═══ Given material ═══

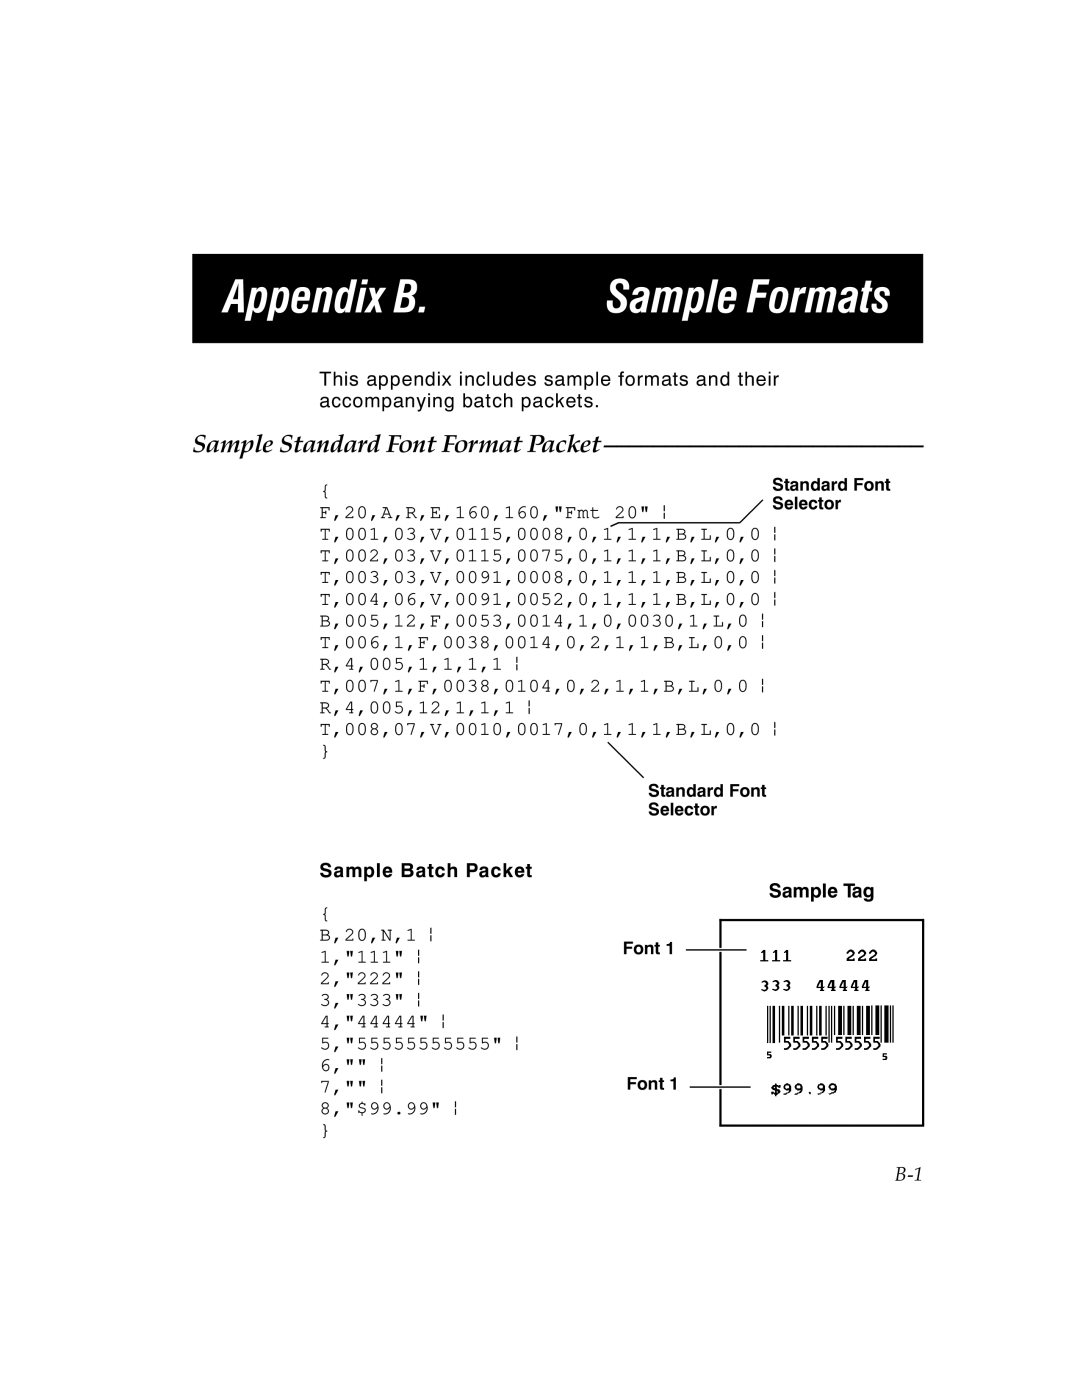 Paxar MPCL II manual Appendix B. Sample Formats, Sample Standard Font Format Packet, Sample Batch Packet, Sample Tag 
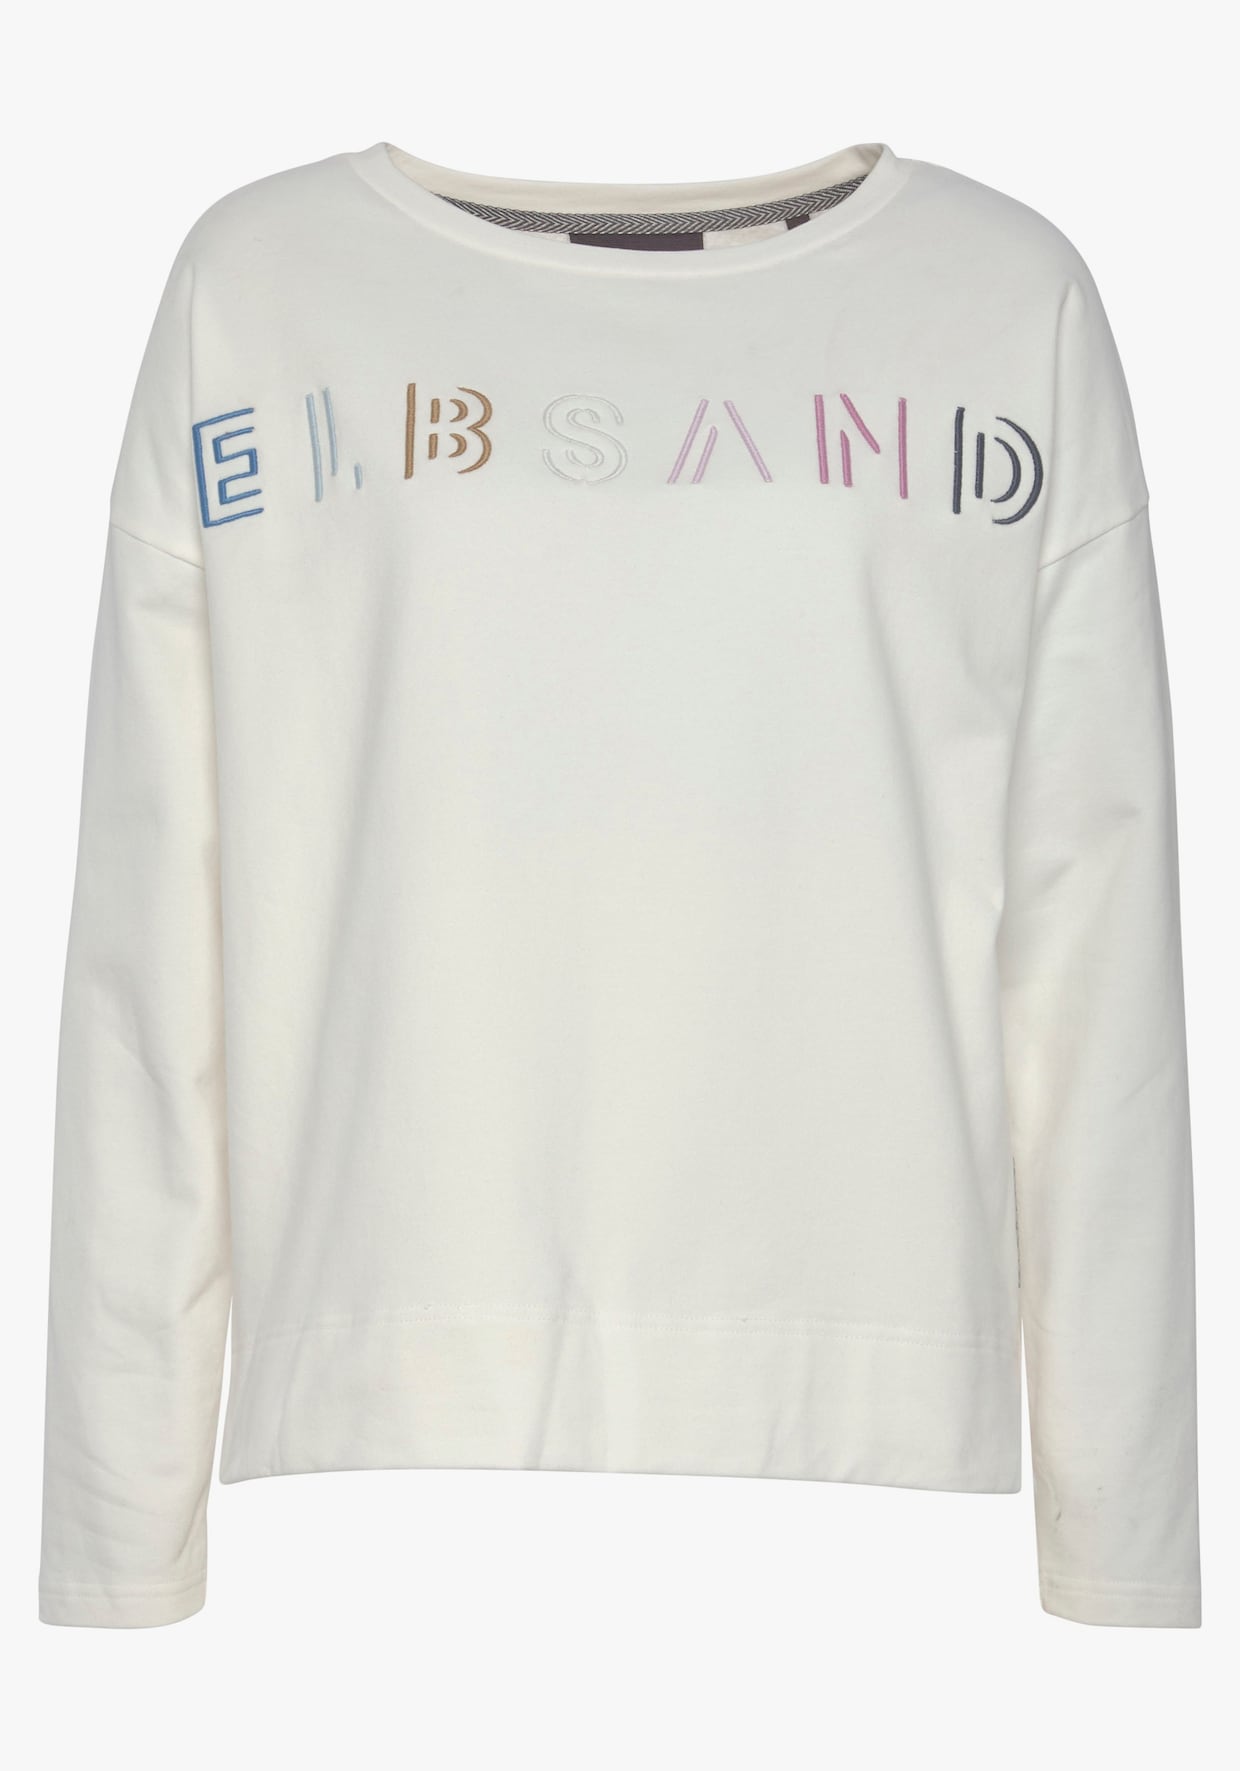 Elbsand Sweatshirt - weiss
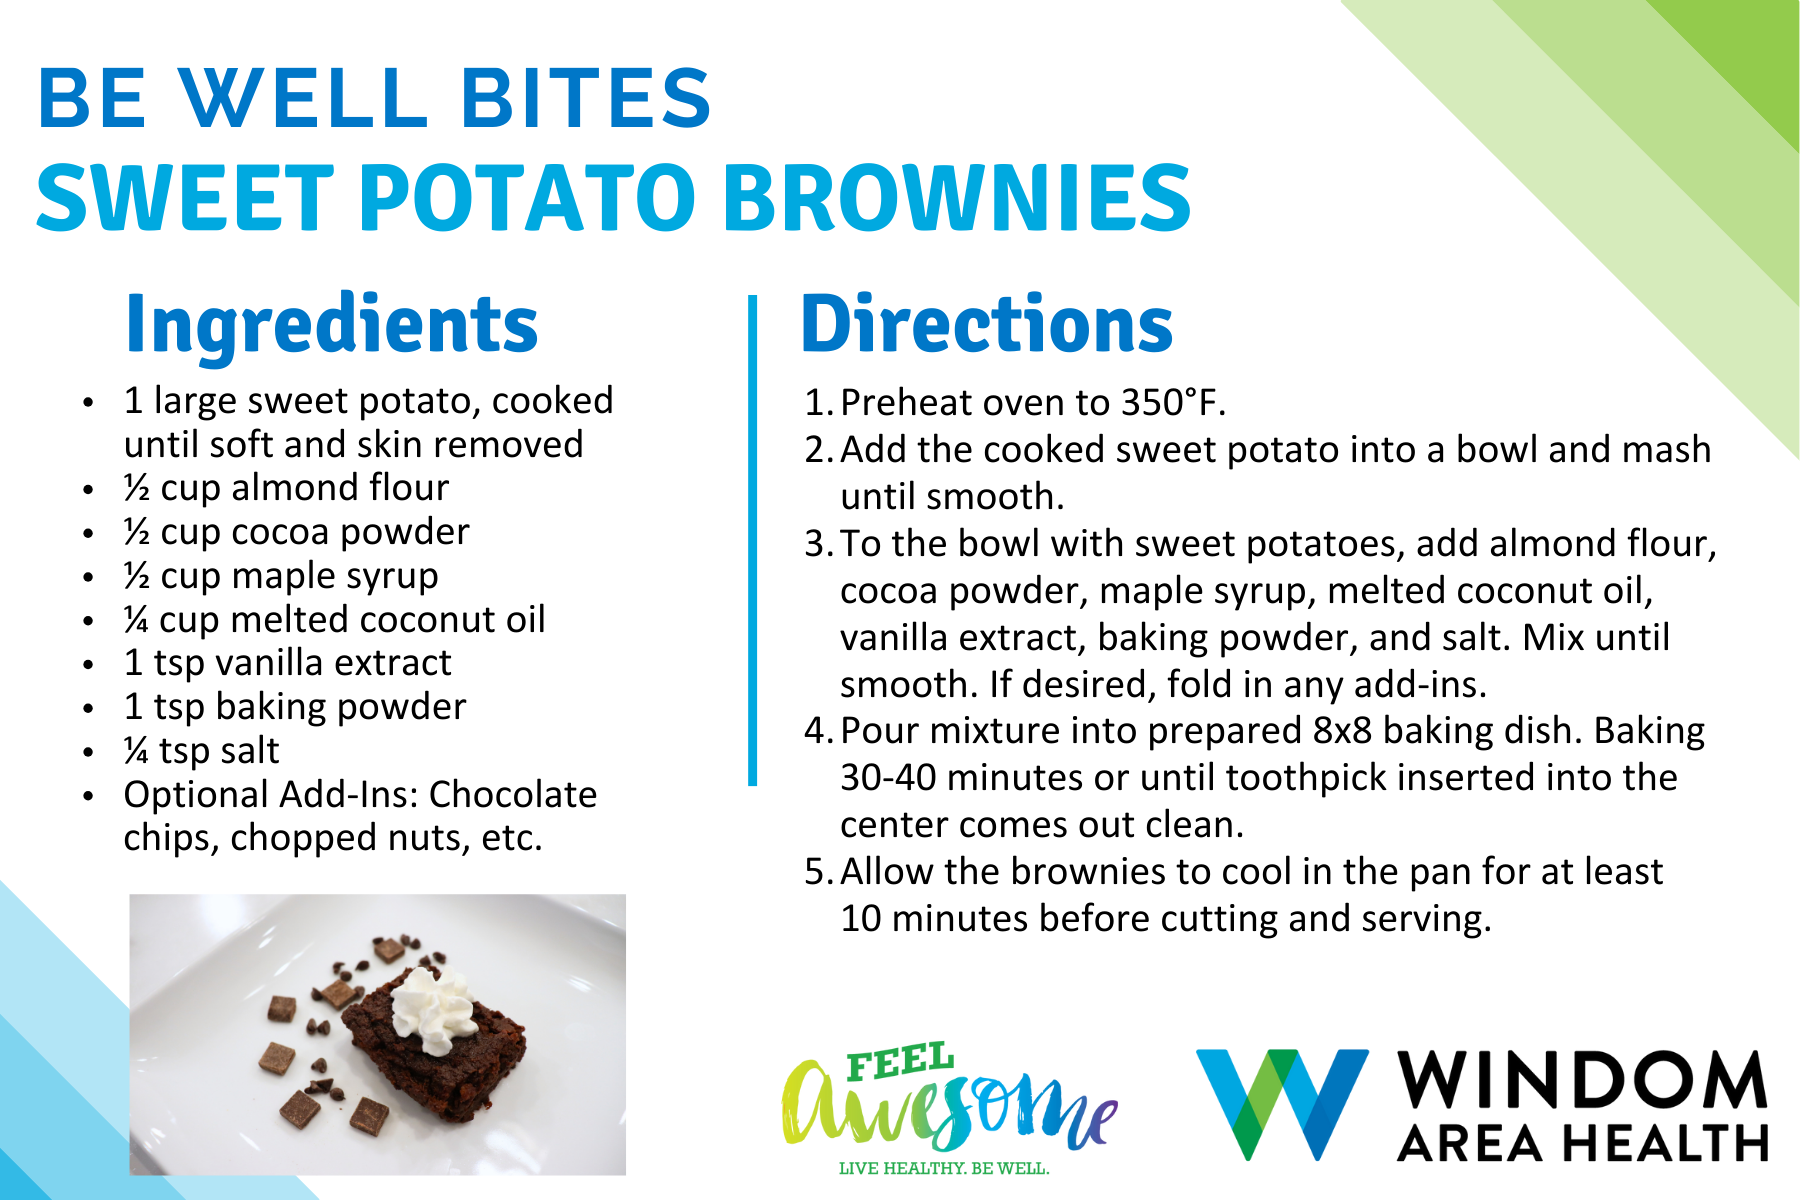 Be Well Bites Sweet Potato Brownie Recipe Card

═══

Action item
In the answer, the data should reappear exactly, with no pictures.

Solution
 Paxar MPCL II manual Appendix B. Sample Formats, Sample Standard Font Format Packet, Sample Batch Packet, Sample Tag 
 Elbsand Sweatshirt - weiss
 Be Well Bites Sweet Potato Brownie Recipe Card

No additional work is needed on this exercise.